I worried, maybe because that’s what moms do. I forgot how my love for her sister intensified with time, a cumulative effect. Instead I looked back on three years and saw all the moments condensed together into one sensation in my heart.
So, the second time around, I expected to feel it all at once. The depth, the overwhelm, the obsession. When I was greeted instead with a familiar warmth, I thought maybe I was missing out on something earth shaking.
I asked everyone with more than one kid whether the bonding was different the second time, whether it was easier to bond with their first. I felt guilty asking. I worried people would think I was suffering from postpartum depression and hadn’t bonded at all, even though, of course, there should be no shame in those struggles. But I didn’t want there to be any confusion. I loved her already, it just didn’t feel the same as I thought it should.
I came up with all kinds of hypotheses. Maybe it was the medicated birth. Perhaps it was my fault for jumping back into work so quickly or not asking for more help so I could lie in bed and stare at her. Or maybe it was just the distractions of trying to take care of so much more with two children.
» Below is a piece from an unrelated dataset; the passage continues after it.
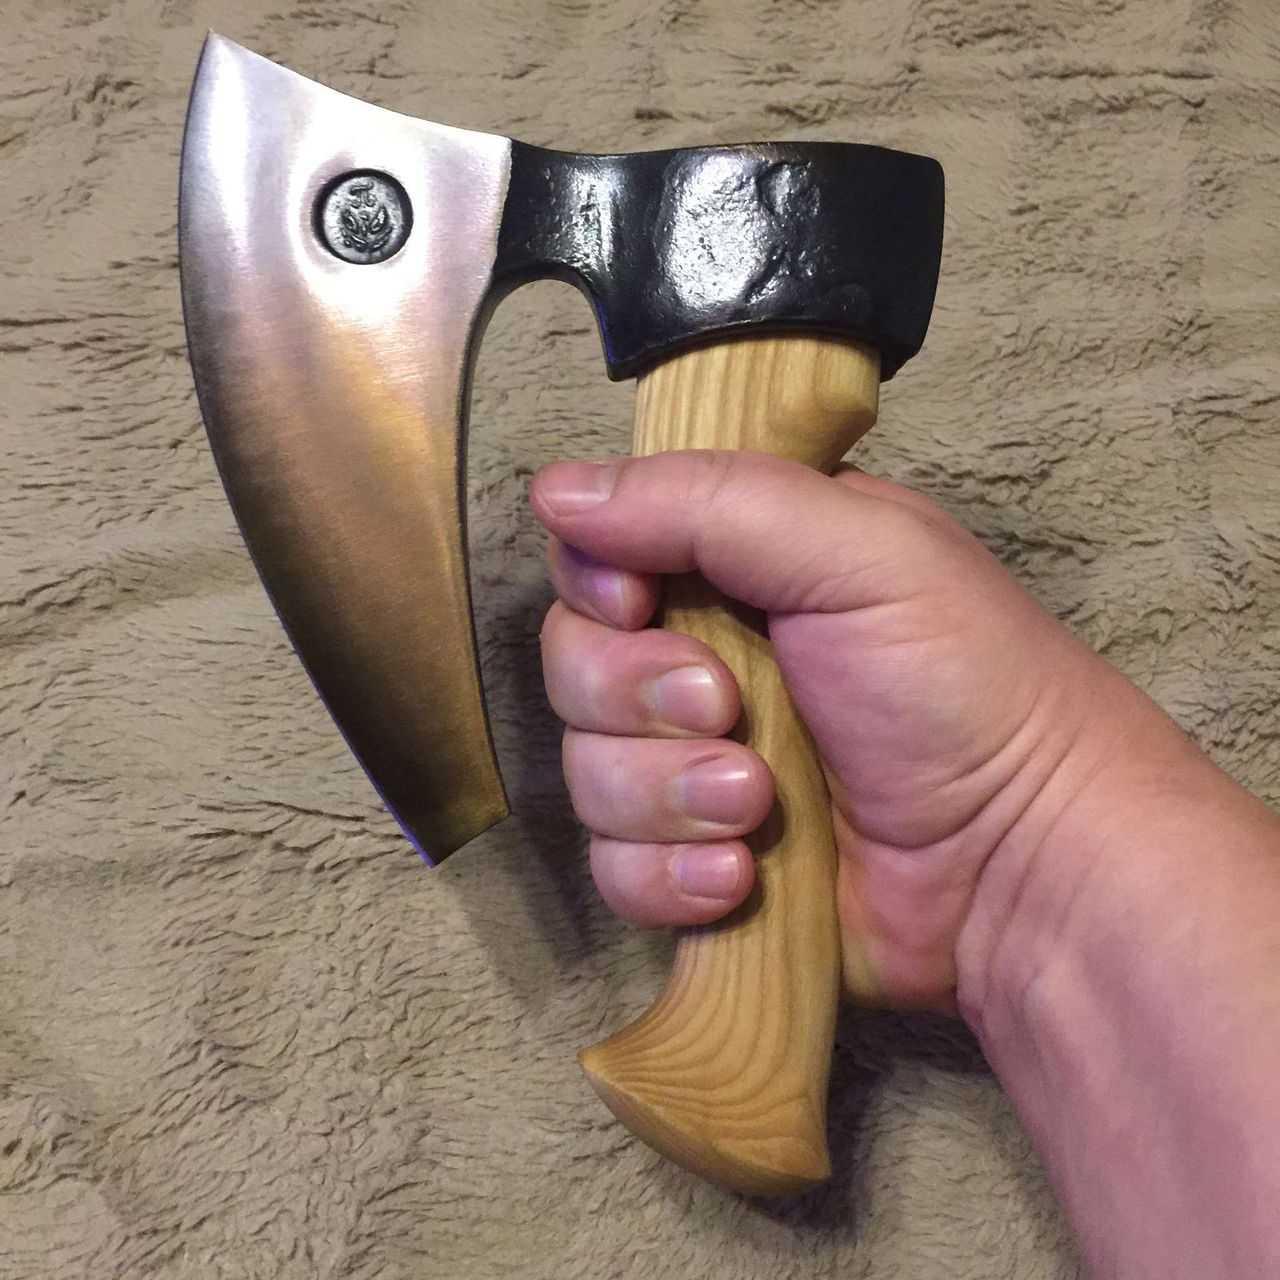 Как сделать топор викинга из обычного топора : labuda.blog как сделать топор викинга из обычного топора — «лабуда» информационно-развлекательный интернет журнал

What I didn’t consider was time. I’d forgotten how I’d spent every afternoon nursing her sister in bed in an effort to bond more. Or how after months of colic, I’d pulled her sister to my chest and wept because some unknown layer of myself had been cracked open and suddenly her screaming was a call to hold her even closer instead of drive me away.
All I’d initially remembered of our bonding the first time was the intensity of those first hours of motherhood, as I’d transformed through the rawness of it all. I expected to sit in our hospital suite and feel it all again in that same life changing way. However, I’d already become a mother this time. My entire being wasn’t altered as it had been with her sister. I mistook this for a difference in bonding, when really it was just a difference in myself. That particular magic only happens once.
Four months in and I finally feel as connected to M as I’d hoped I would in those first moments. I can’t get enough of her wiggles and giggles. She is already quite the talker and wants so badly to run around and play with her sister. I’ve gotten better at sitting still and being with her. The adrenaline has worn off and I’ve relaxed, for the most part, into being a mom of two. Sometimes I’m caught off guard by the enormity of getting to love another baby. Moments of happy disbelief as I realize I get to do it all again. An incredible opportunity. Another daughter to love with all my heart.